Nuclear modification of $\Upsilon$ states in pPb collisions at $\sqrt{s_\mathrm{NN}} = 5.02~\mathrm{TeV}$

Production cross sections of $\Upsilon(\mathrm{1S})$, $\Upsilon(\mathrm{2S})$, and $\Upsilon(\mathrm{3S})$ states decaying into $\mu^{+}\mu^{-}$ in proton-lead (pPb) collisions are reported using data collected by the CMS experiment at $\sqrt{s_\mathrm{NN}}=5.02~\mathrm{TeV}$. Nuclear modification factors $R_\mathrm{pPb}$ for all three $\Upsilon$ states are obtained using measured proton-proton (pp) cross sections at the same collision energy. All $\Upsilon$ states are found to be suppressed in pPb collisions compared to pp collisions.
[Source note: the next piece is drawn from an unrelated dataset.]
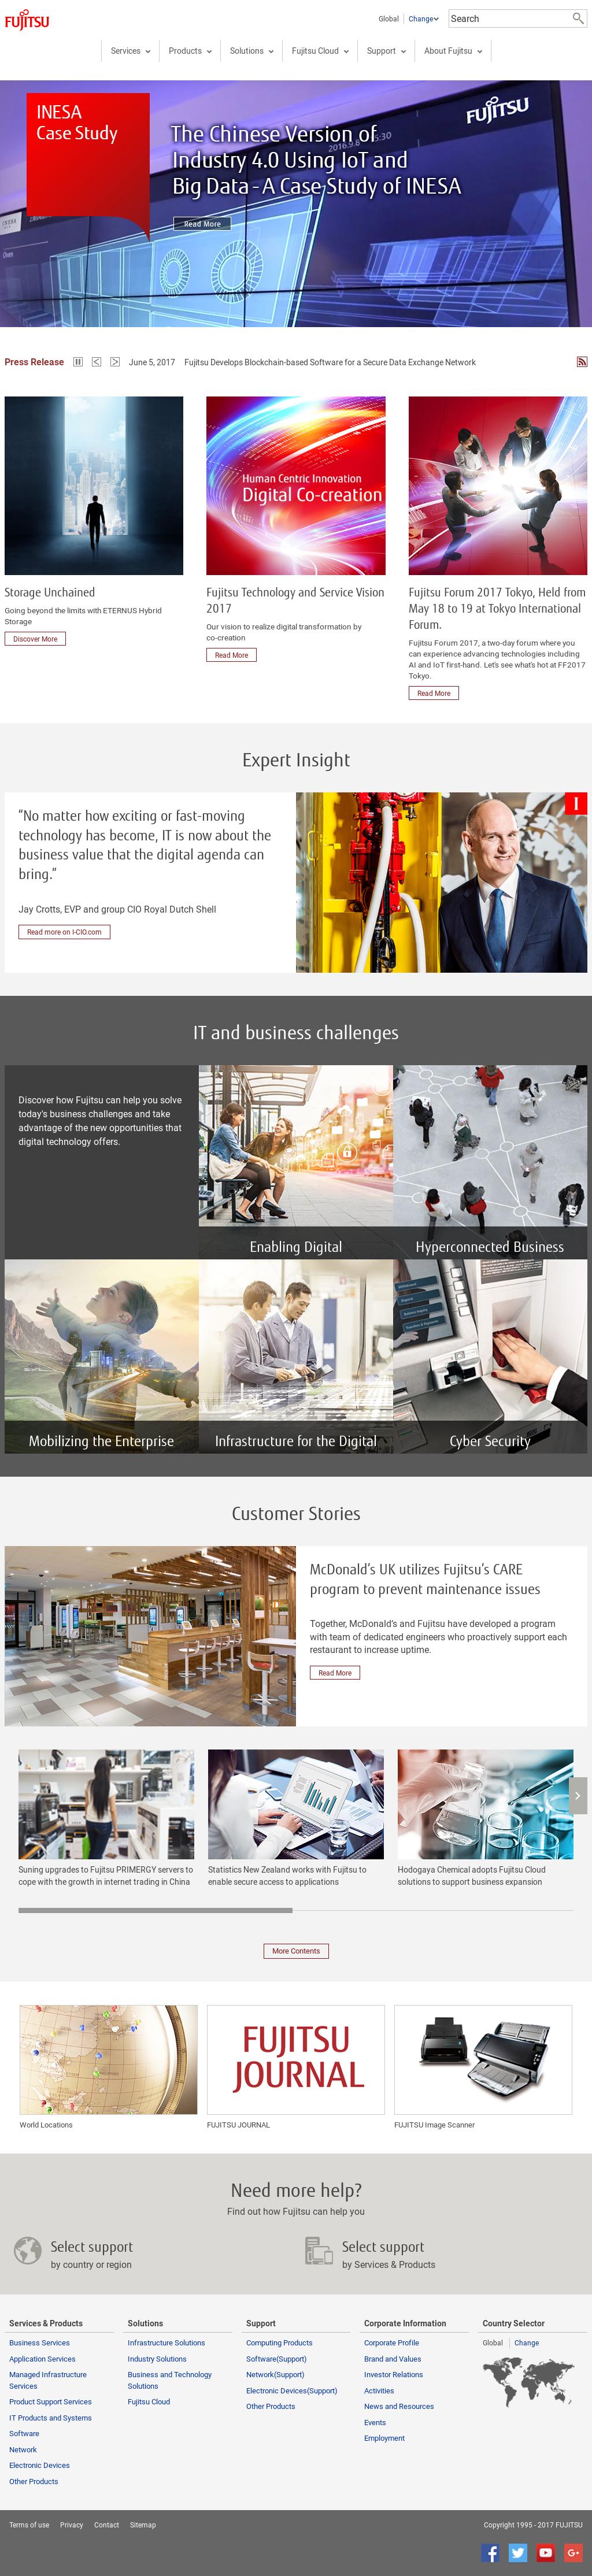 Fujitsu Competitors, Revenue and Employees - Owler Company Profile
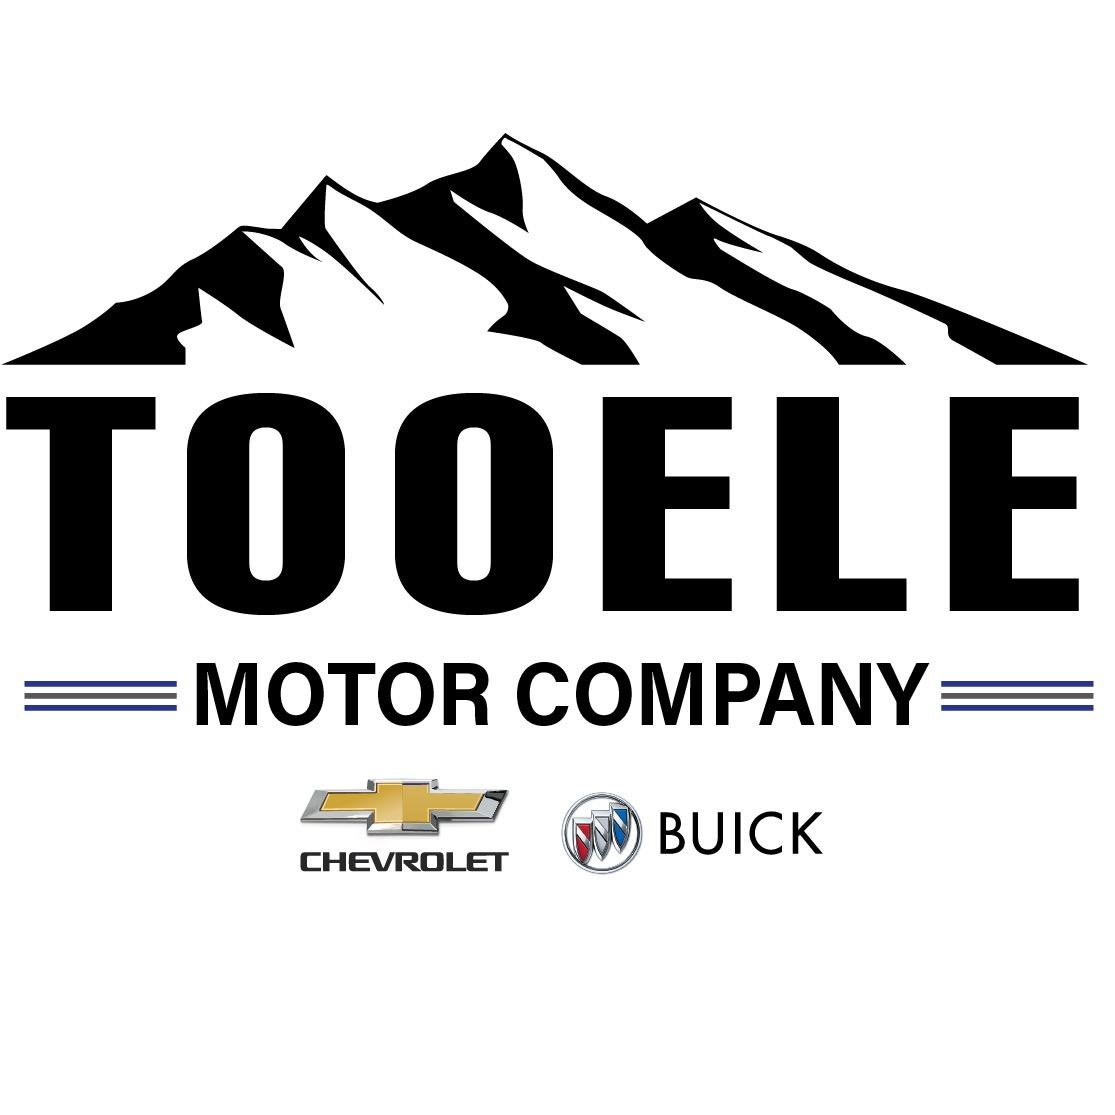 Tooele Chevrolet Buick - Tooele, UT 84074 - (435)228-4868 | ShowMeLocal.com

The $\Upsilon$ $R_\mathrm{pPb}$ show a sequential ordering, with $\Upsilon(\mathrm{1S})$ least suppressed and $\Upsilon(\mathrm{3S})$ most suppressed, indicating presence of final-state modification of $\Upsilon$ states in pPb collisions. When presented as a function of transverse momentum $p_\mathrm{T}$ and center-of-mass rapidity $y_\mathrm{CM}$, the $R_\mathrm{pPb}$ of individual $\Upsilon$ states are found to be consistent with constant values; although there is slight indication of higher separation of the suppression level of excited states for low-$p_\mathrm{T}$ $\Upsilon$ in the lead-going direction, where more nuclear matter is present. The final-state comover interaction model, which predicts sequential suppression of bottomonia in pPb, is found to be in better agreement with $R_\mathrm{pPb}$ versus $y_\mathrm{CM}$ than initial-state models. The nuclear modification observed in pPb collisions is less pronounced than the strong modification observed in lead-lead collisions, suggesting presence of additional quark gluon plasma effects in the latter. Forward-backward production ratios $R_\mathrm{FB}$ of $\Upsilon$ states are reported as functions of event activity variables, obtained from midrapidity as well as forward and backward rapidity regions. The $R_\mathrm{FB}$ for all $\Upsilon$ states are found to be consistent with unity and constant with increasing event activity, irrespective of the rapidity region used to measure activity.